[Supplied material]
=== Section Start ===

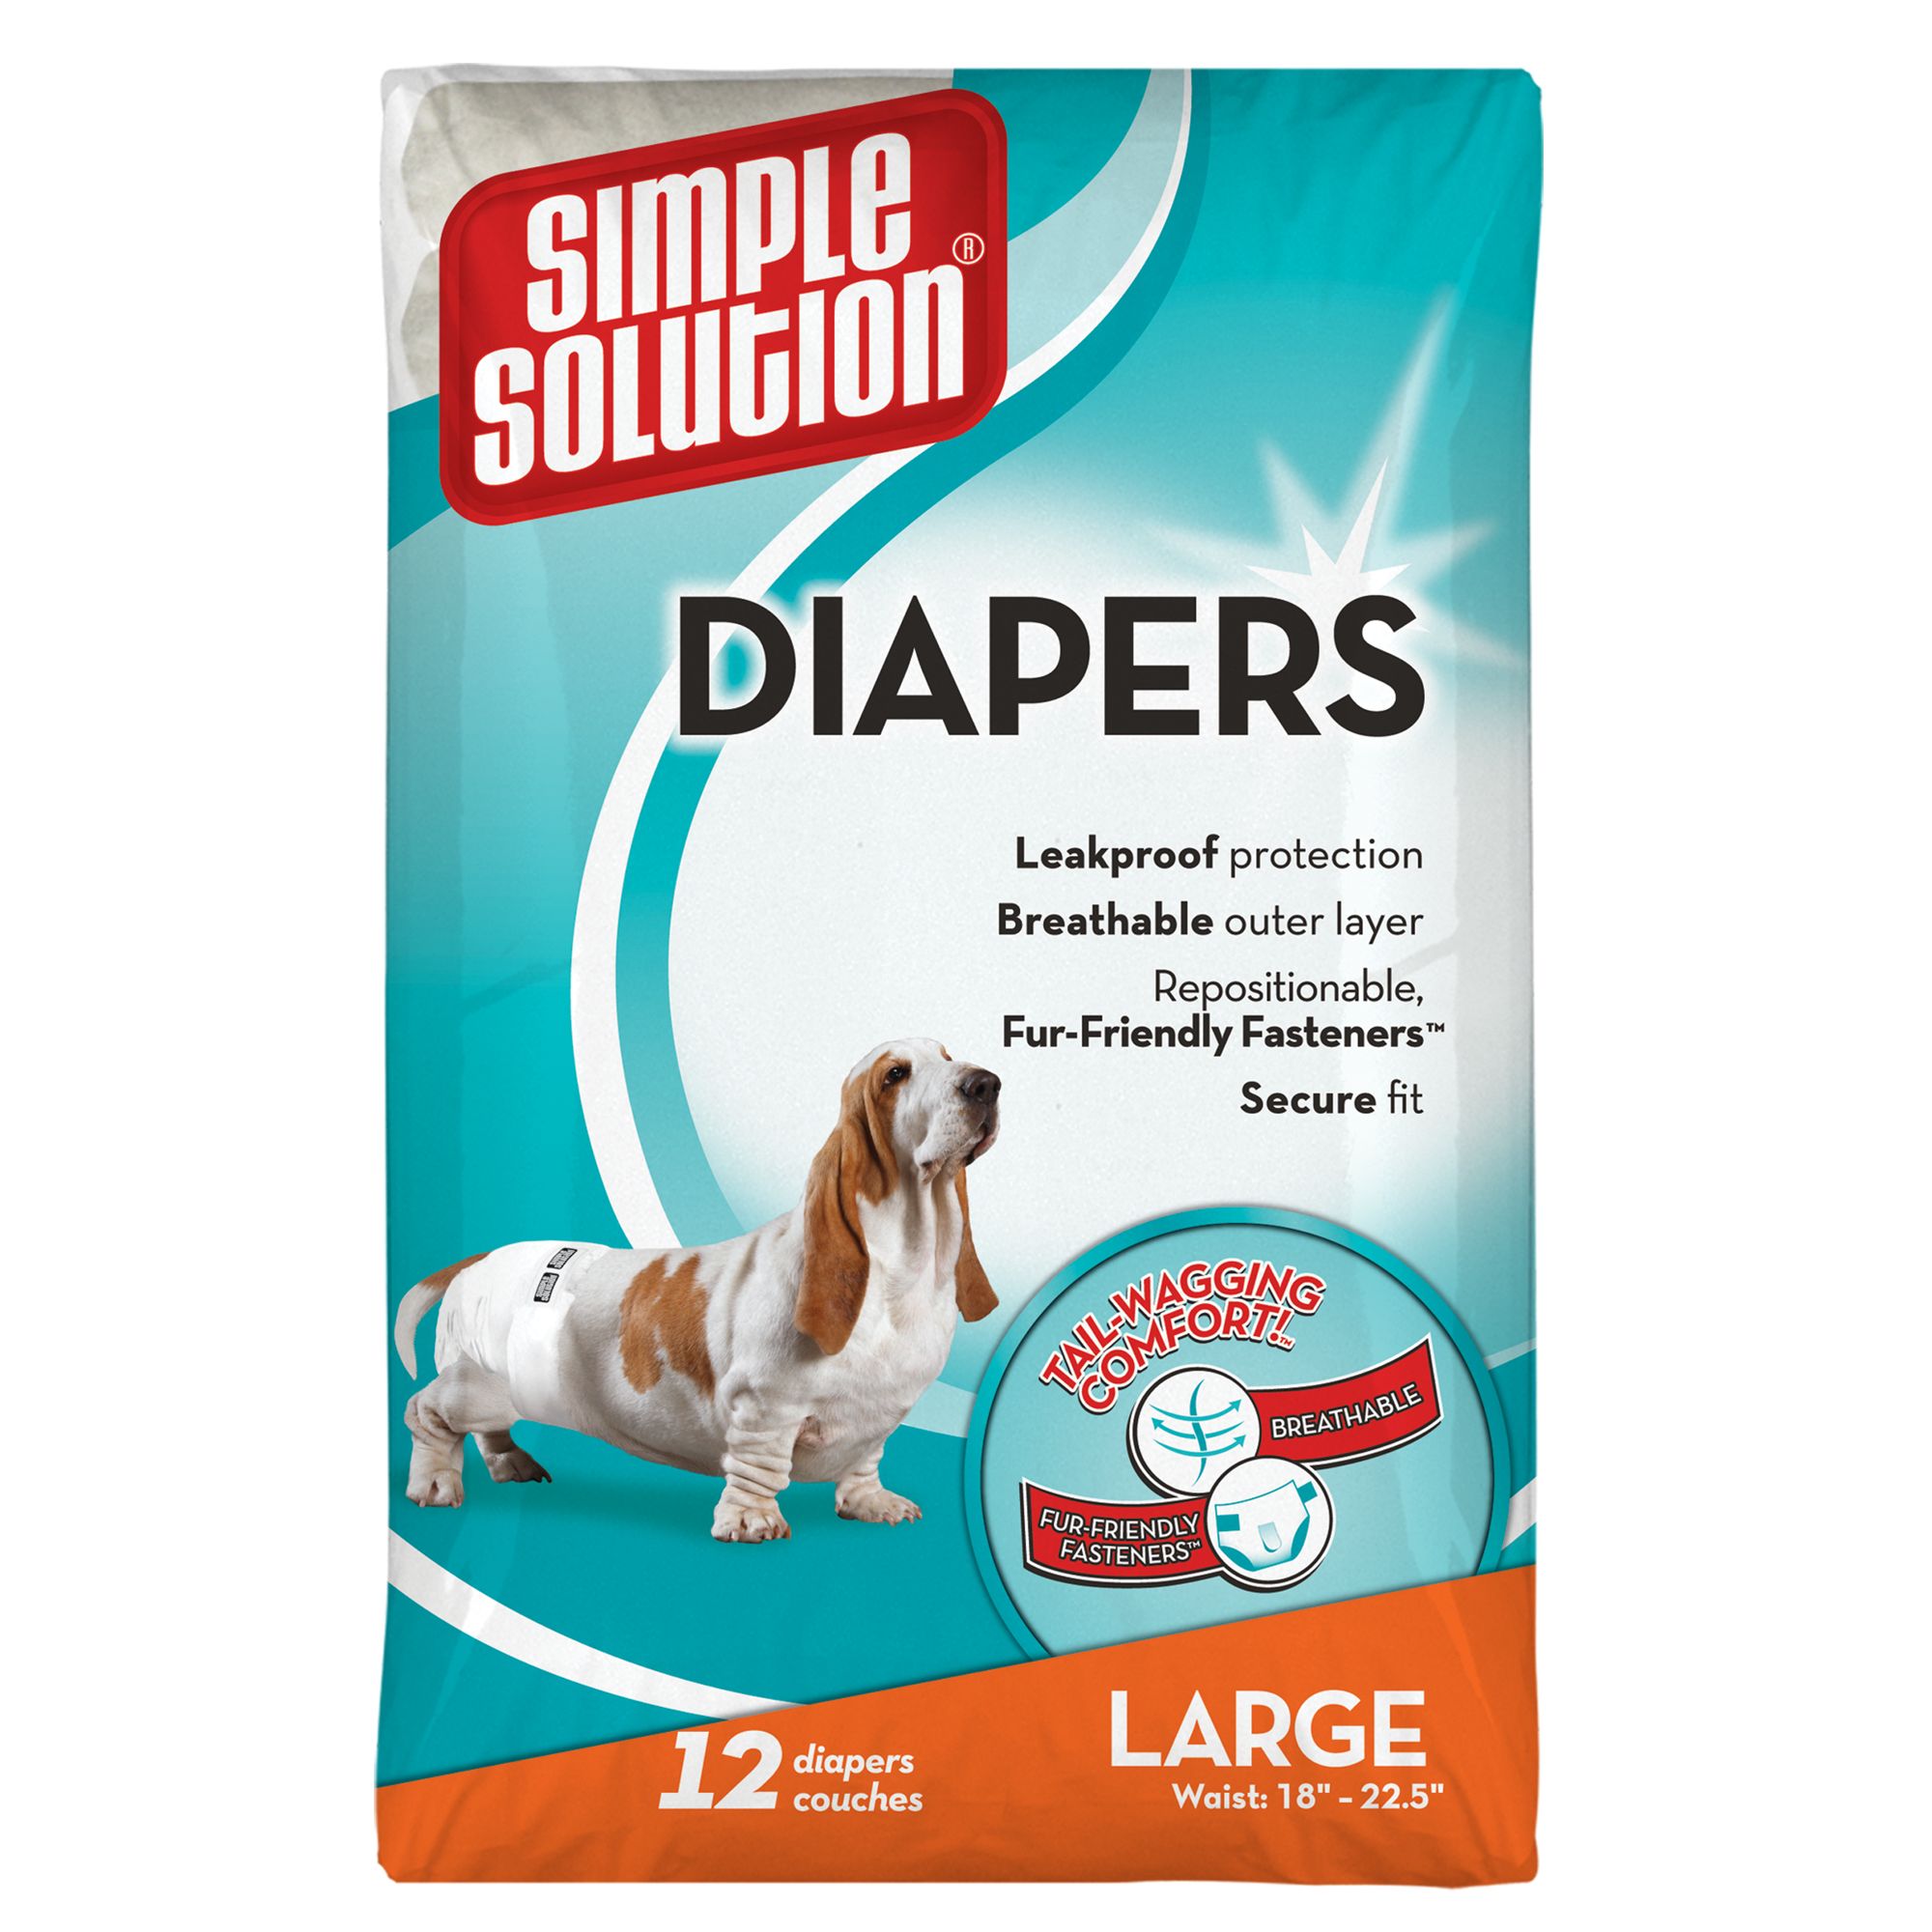 dog diapers for females in heat petsmart
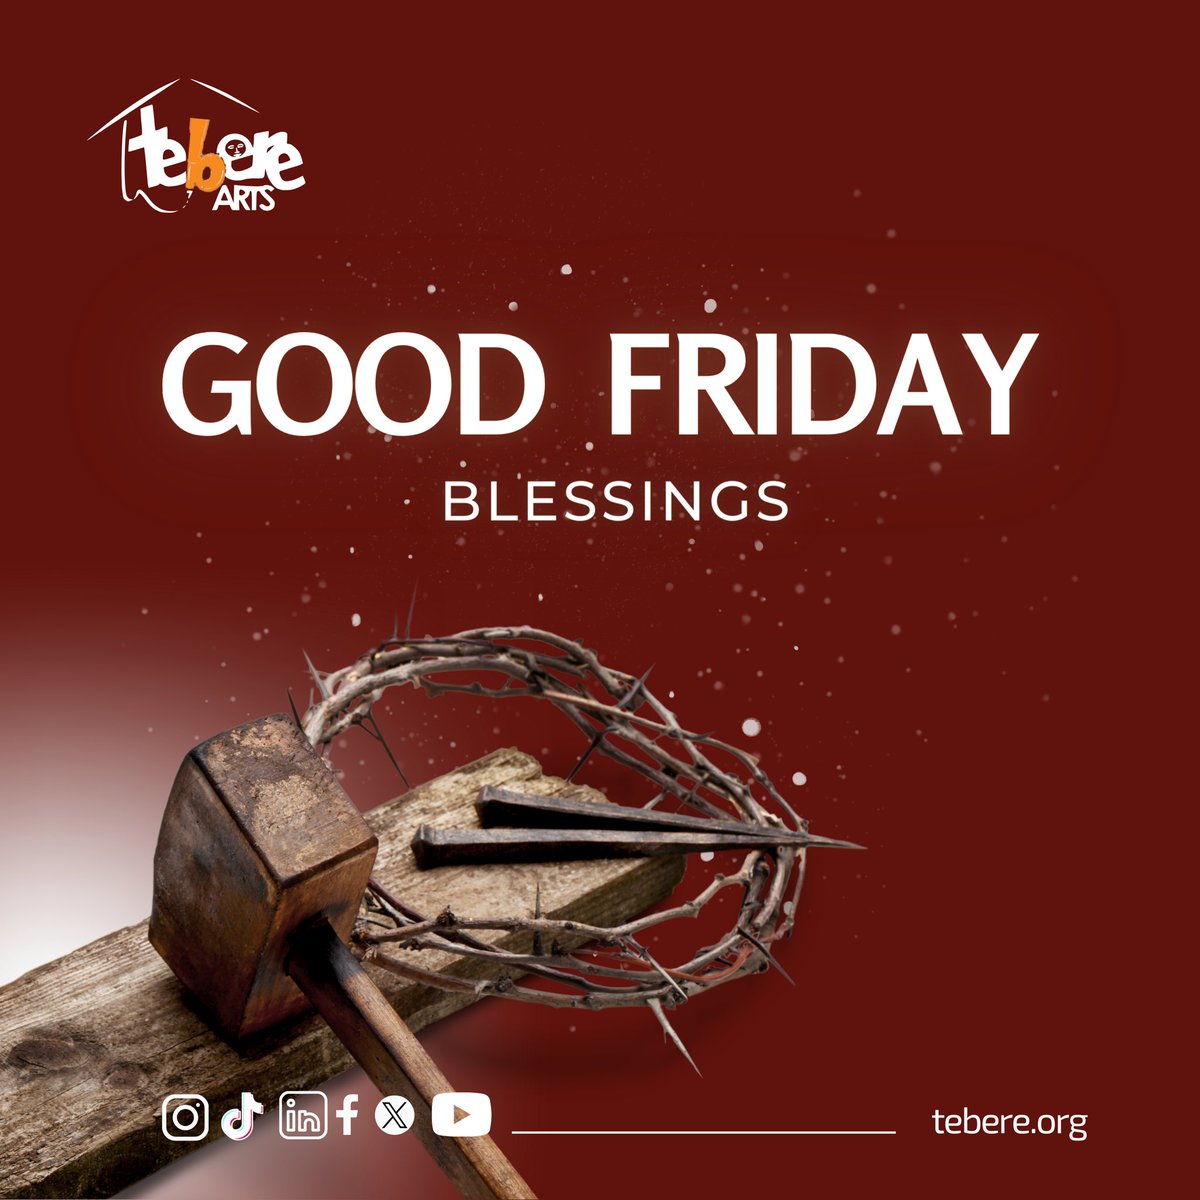 Blessed Good Friday to all, where the stage is set for reflection and renewal. Just as the drama of Christ's trial unfolds, let us remember the power of storytelling to inspire change and unite hearts.
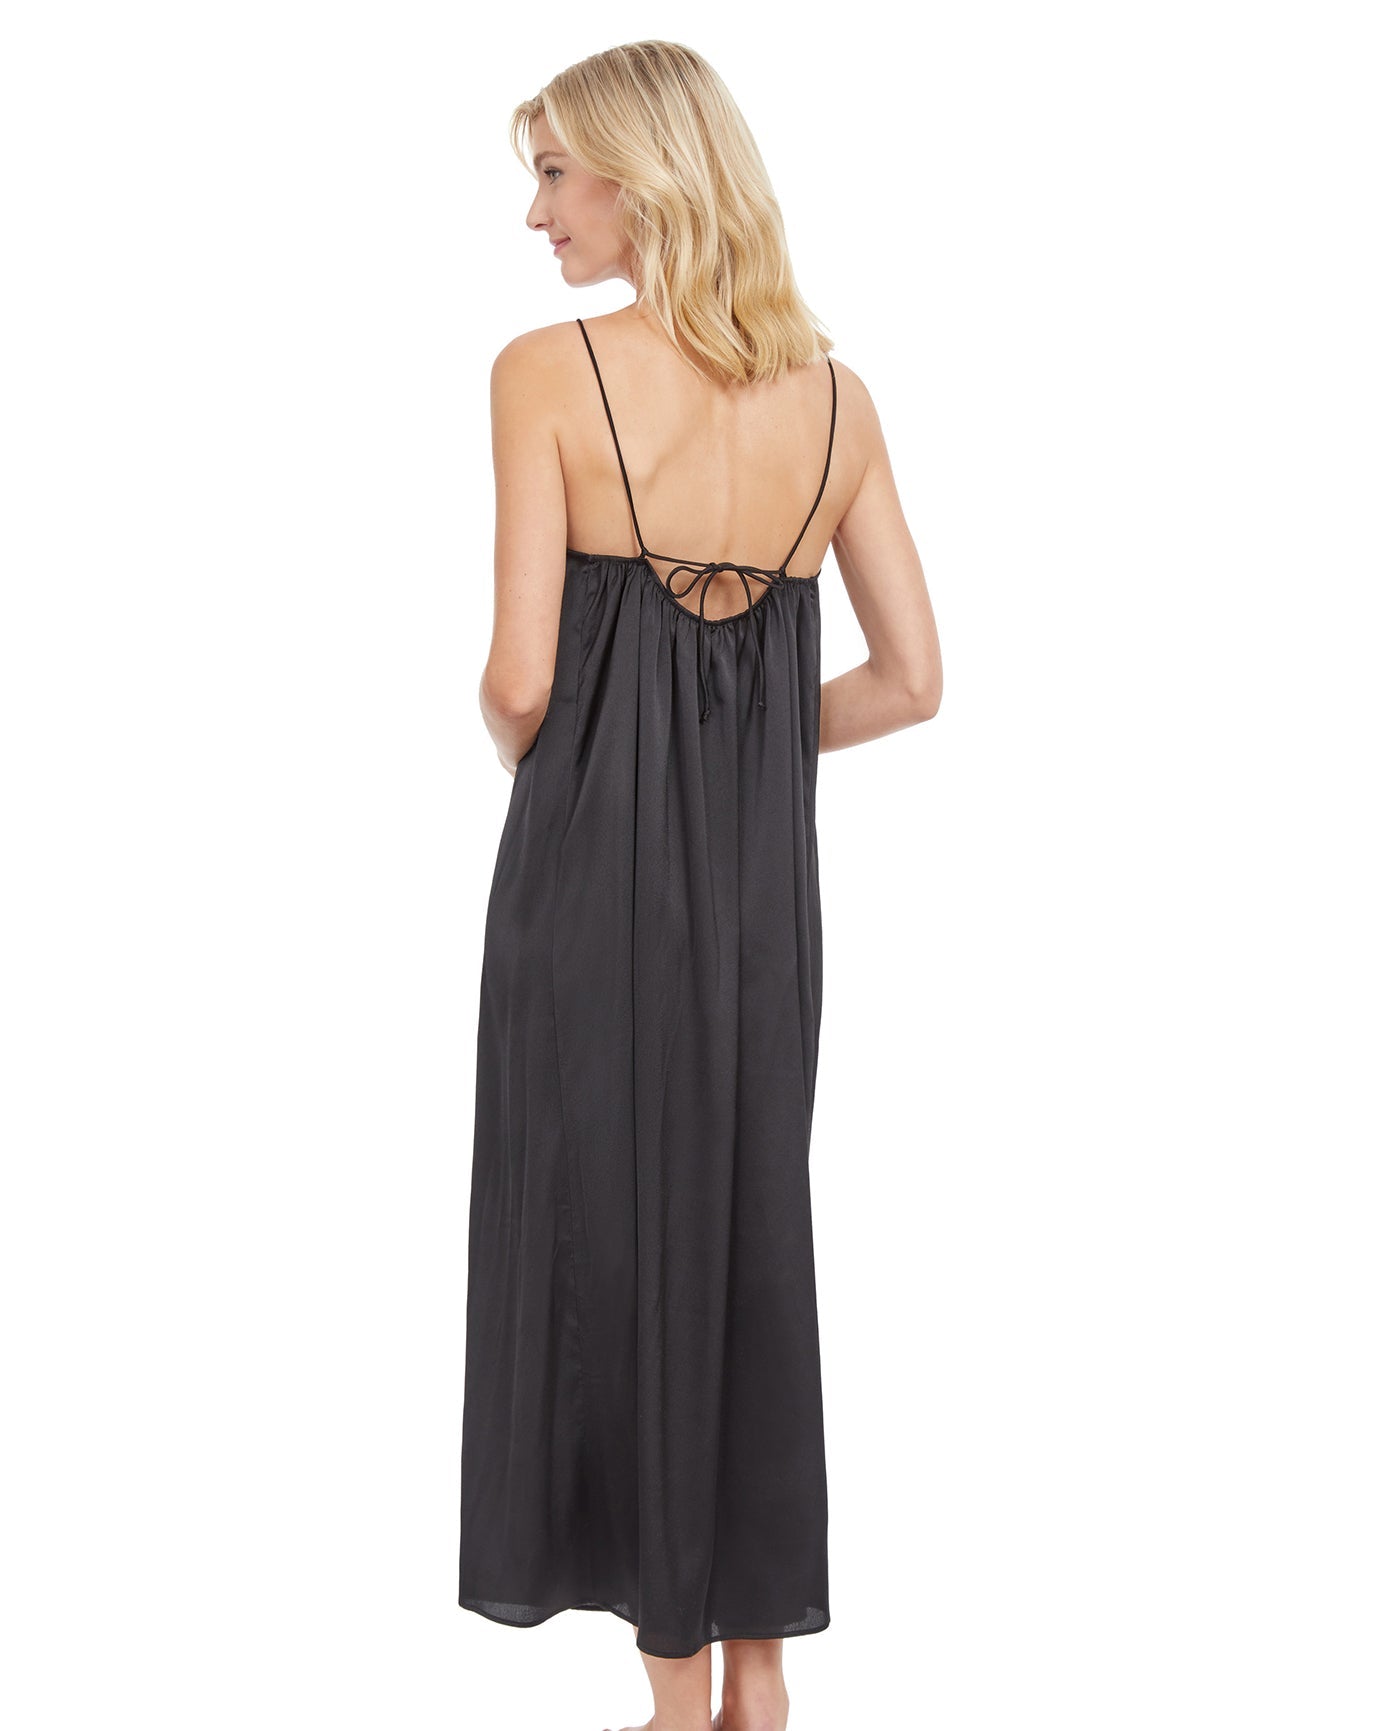 Back View Of Gottex Classic Queen Of Paradise High Neck Long Cover Up Dress | Gottex Queen Of Paradise Black
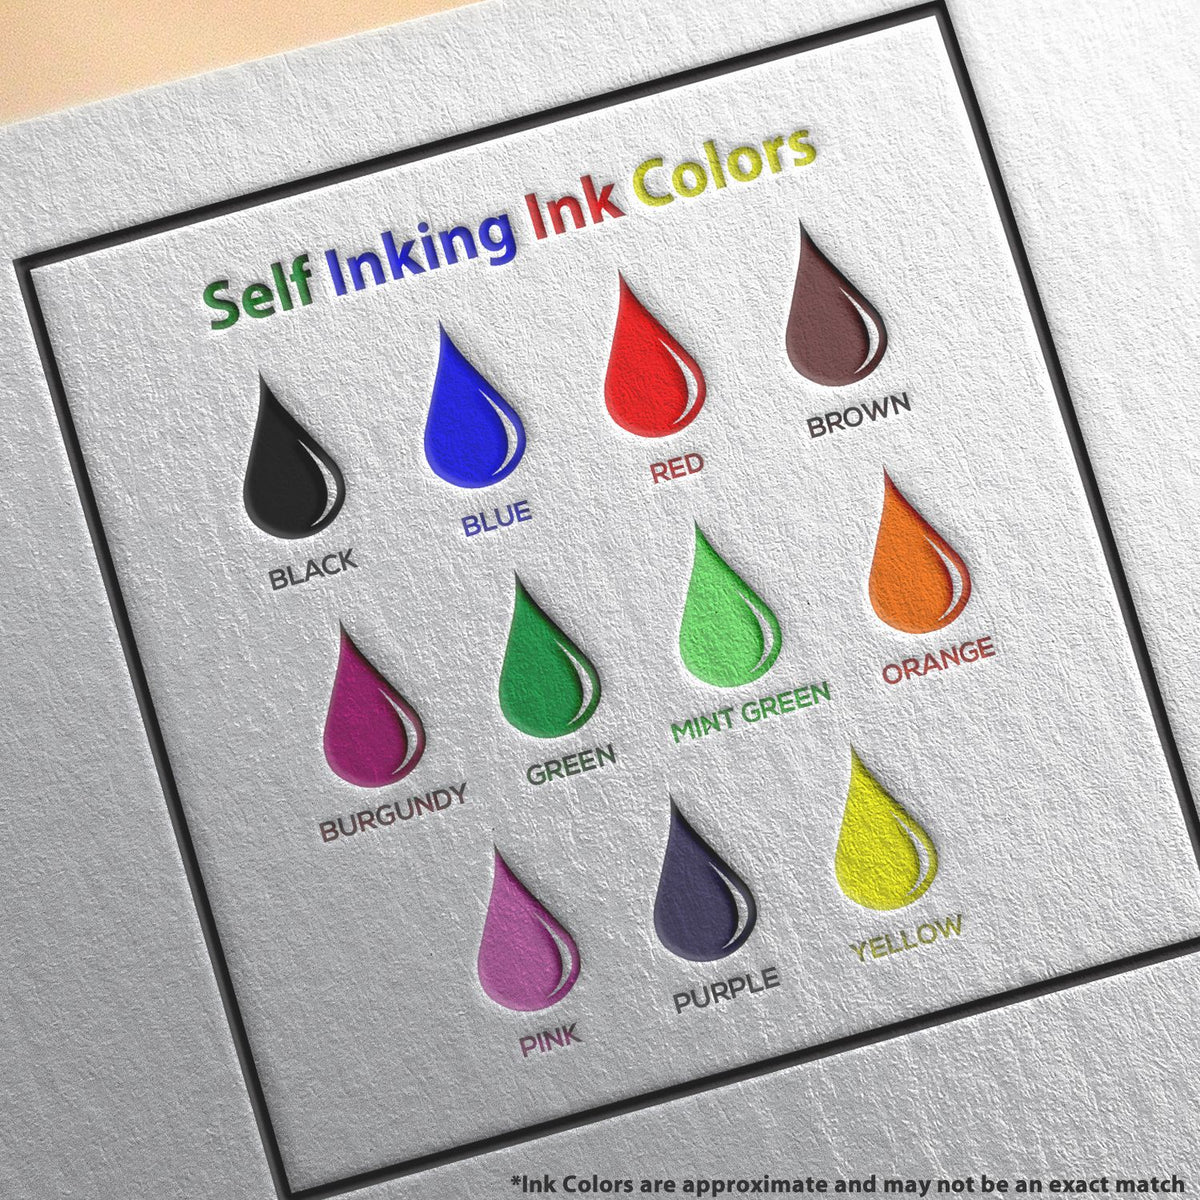 A picture showing the different ink colors or hues available for the Self-Inking New Jersey PE Stamp product.

=== Section End ===

[Task details]
Return the data above in its exact wording, with none of the pictures.

[Exercise result]
 dog diapers for females in heat petsmart
 Blessed Good Friday to all, where the stage is set for reflection and renewal. Just as the drama of Christ's trial unfolds, let us remember the power of storytelling to inspire change and unite hearts.
 Back View Of Gottex Classic Queen Of Paradise High Neck Long Cover Up Dress | Gottex Queen Of Paradise Black
 A picture showing the different ink colors or hues available for the Self-Inking New Jersey PE Stamp product.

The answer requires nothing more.